• _Exercise description_:
Output the listing exactly as written, apart from its pictures.

• _Data below_:
--*--

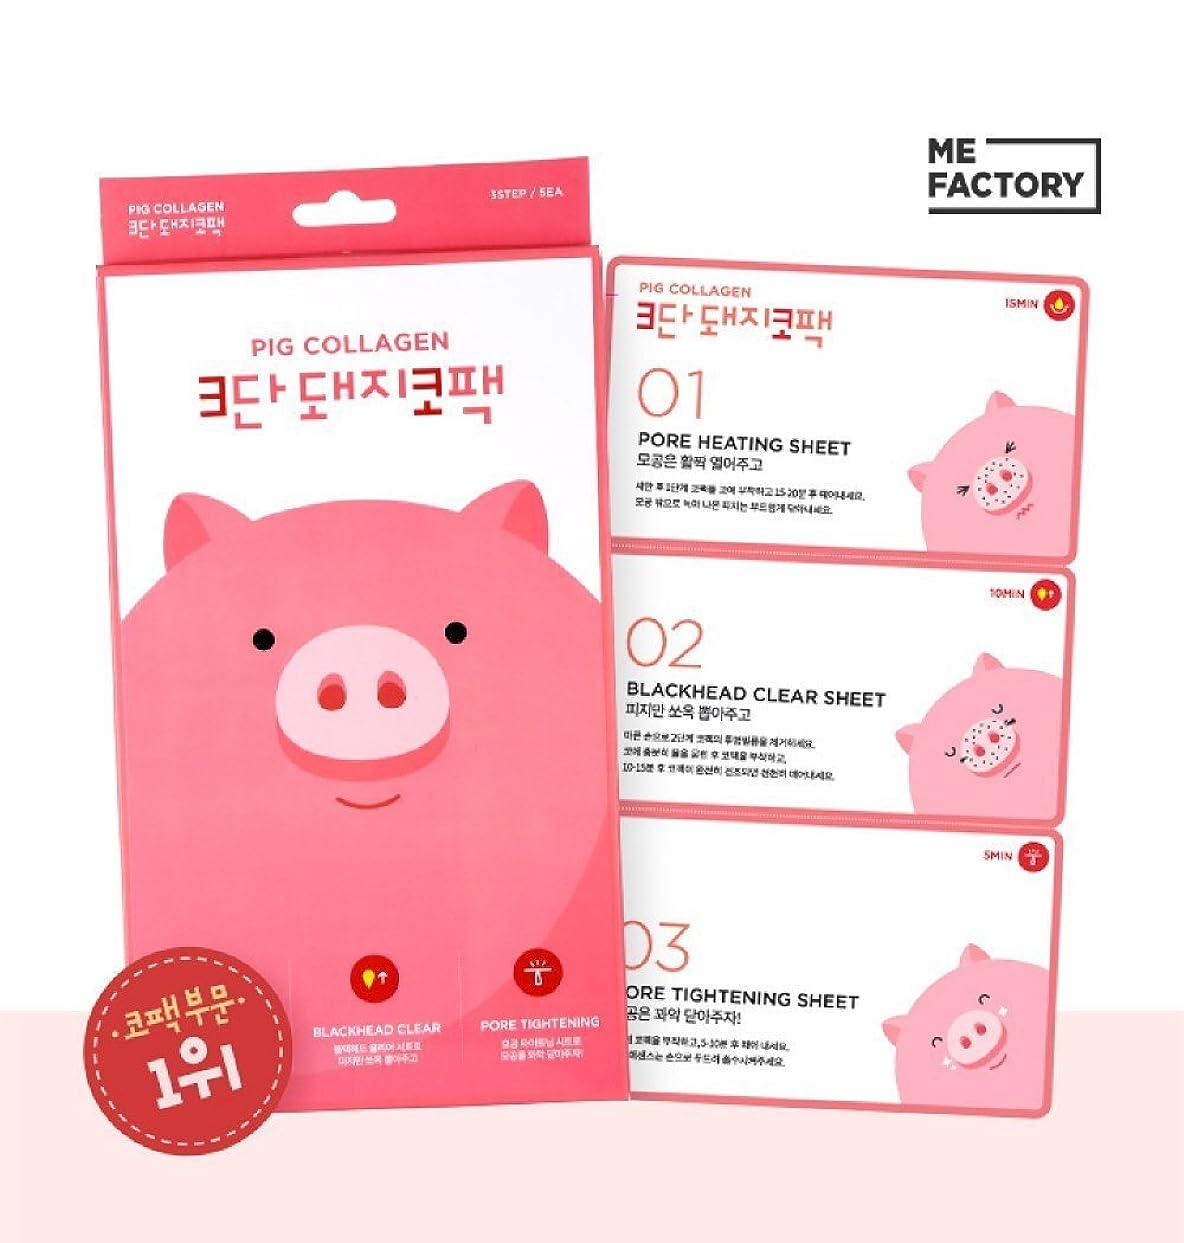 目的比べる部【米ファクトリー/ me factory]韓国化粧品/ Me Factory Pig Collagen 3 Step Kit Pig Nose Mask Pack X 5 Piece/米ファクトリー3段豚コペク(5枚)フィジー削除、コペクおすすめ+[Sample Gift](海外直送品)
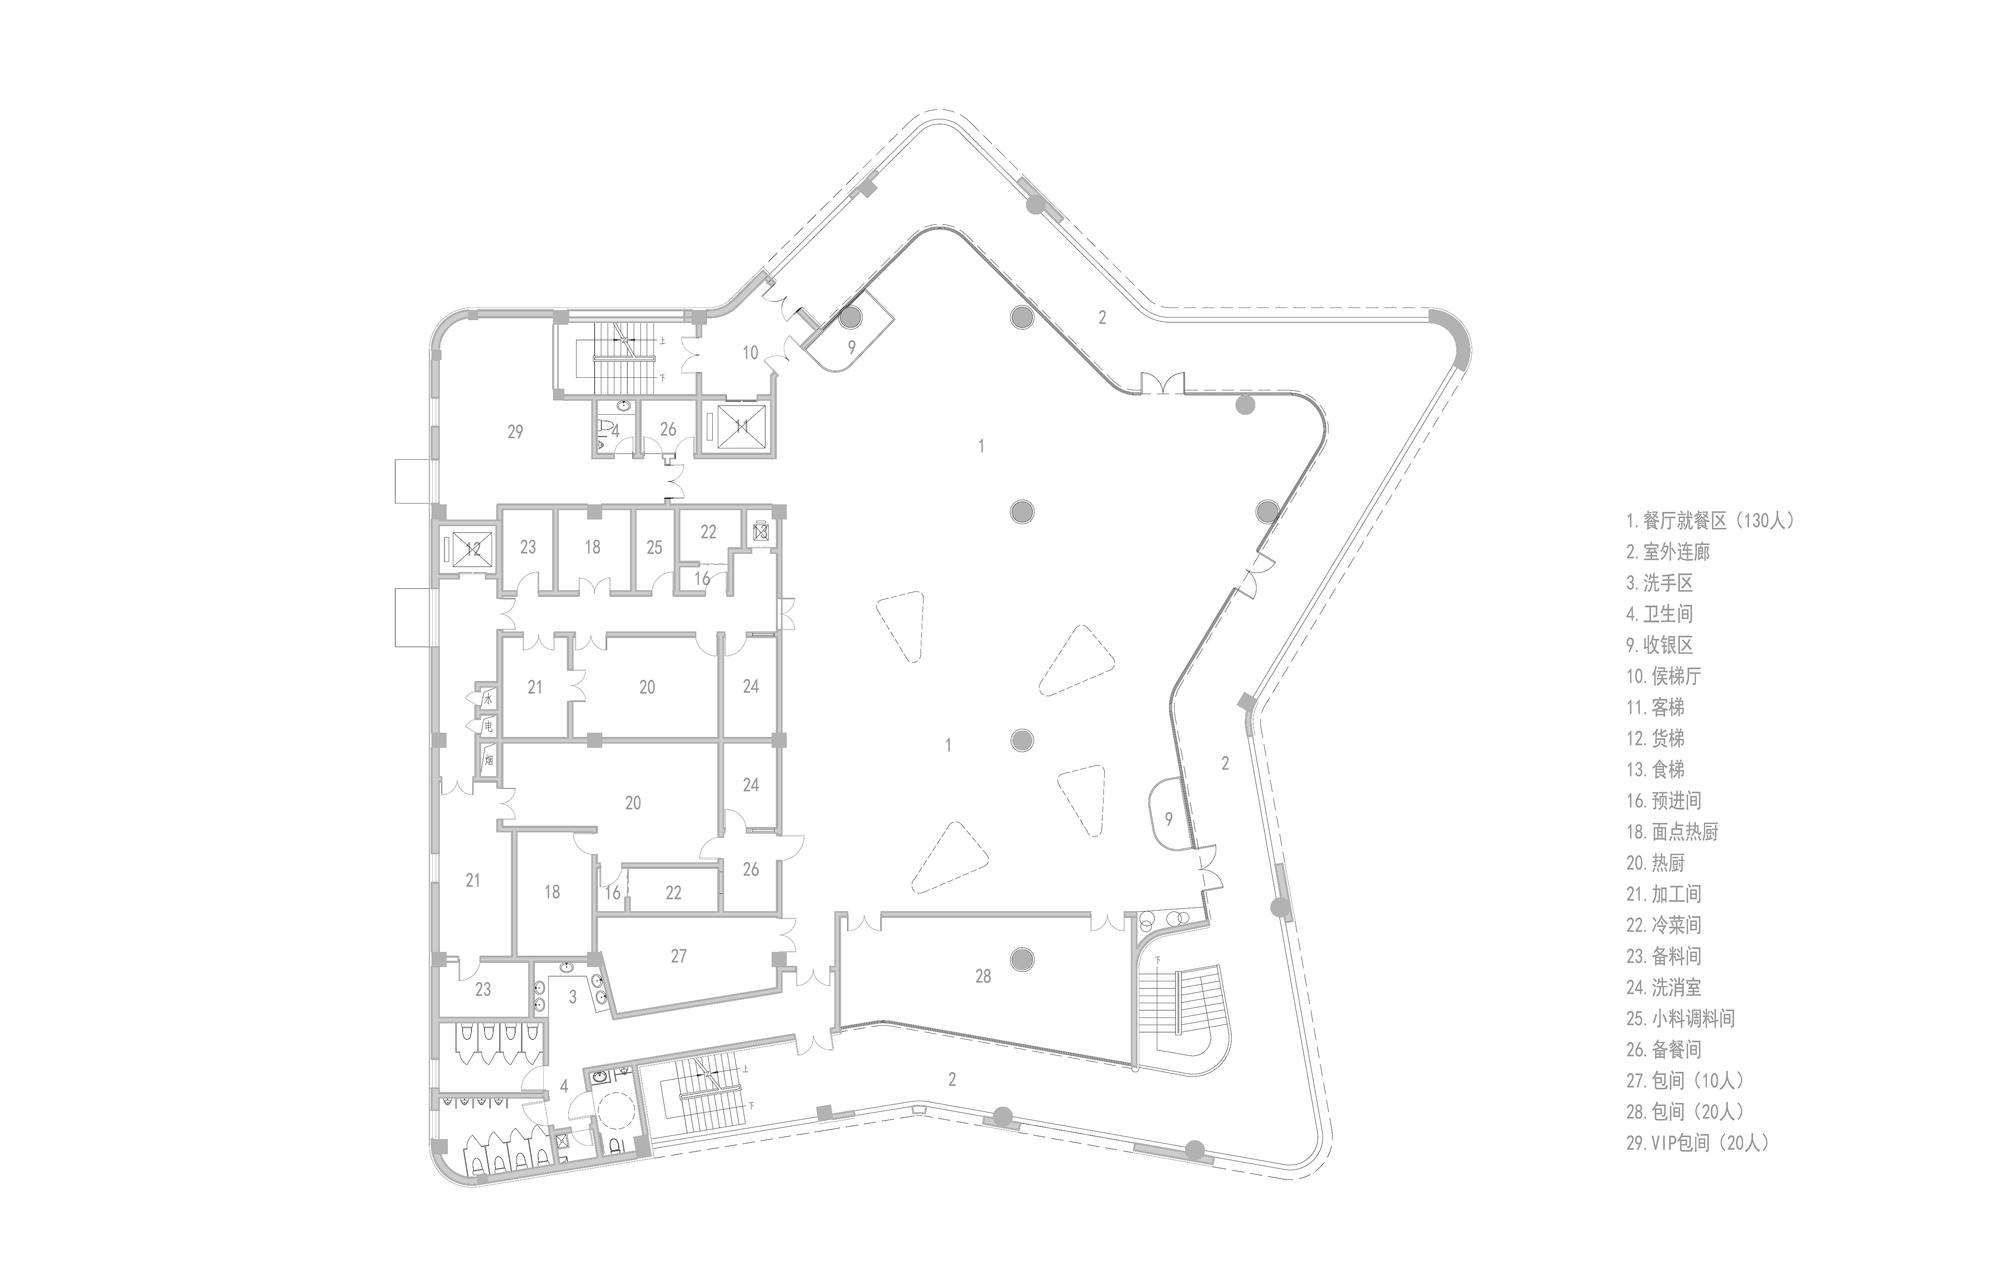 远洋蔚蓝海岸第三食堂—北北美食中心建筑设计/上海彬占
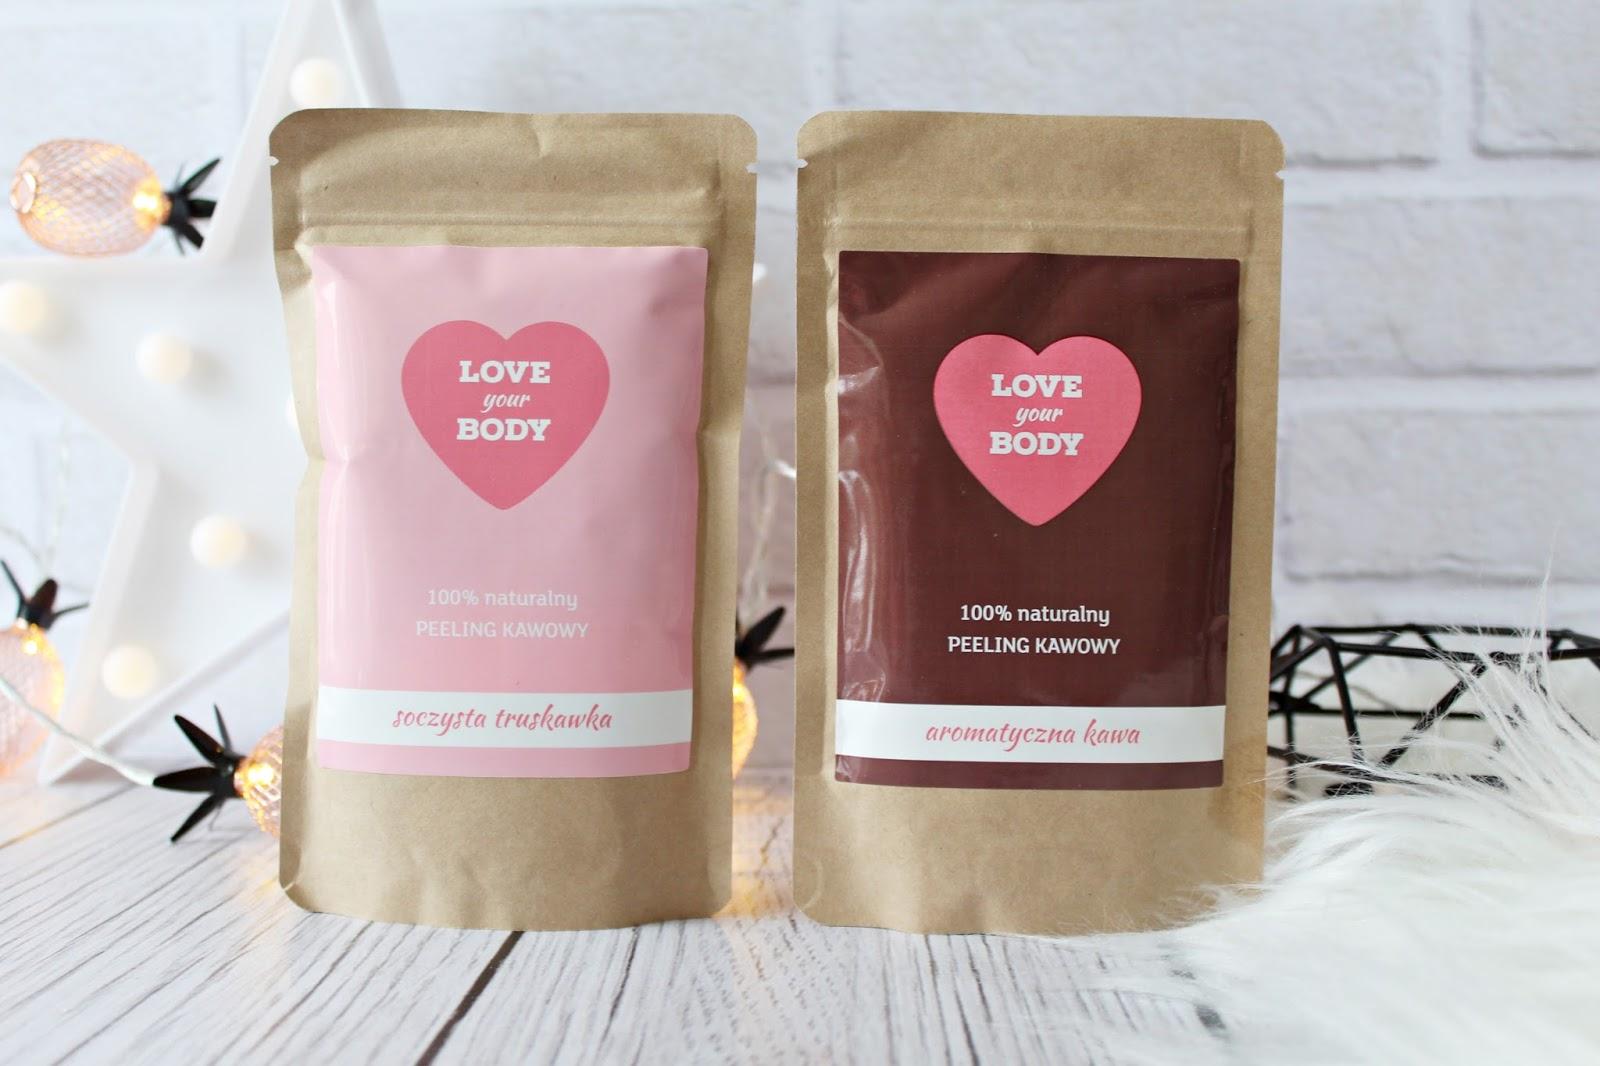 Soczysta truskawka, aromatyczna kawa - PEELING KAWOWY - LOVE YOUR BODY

--*--

• _Output for this exercise_:
 目的比べる部【米ファクトリー/ me factory]韓国化粧品/ Me Factory Pig Collagen 3 Step Kit Pig Nose Mask Pack X 5 Piece/米ファクトリー3段豚コペク(5枚)フィジー削除、コペクおすすめ+[Sample Gift](海外直送品)
 远洋蔚蓝海岸第三食堂—北北美食中心建筑设计/上海彬占
 Soczysta truskawka, aromatyczna kawa - PEELING KAWOWY - LOVE YOUR BODY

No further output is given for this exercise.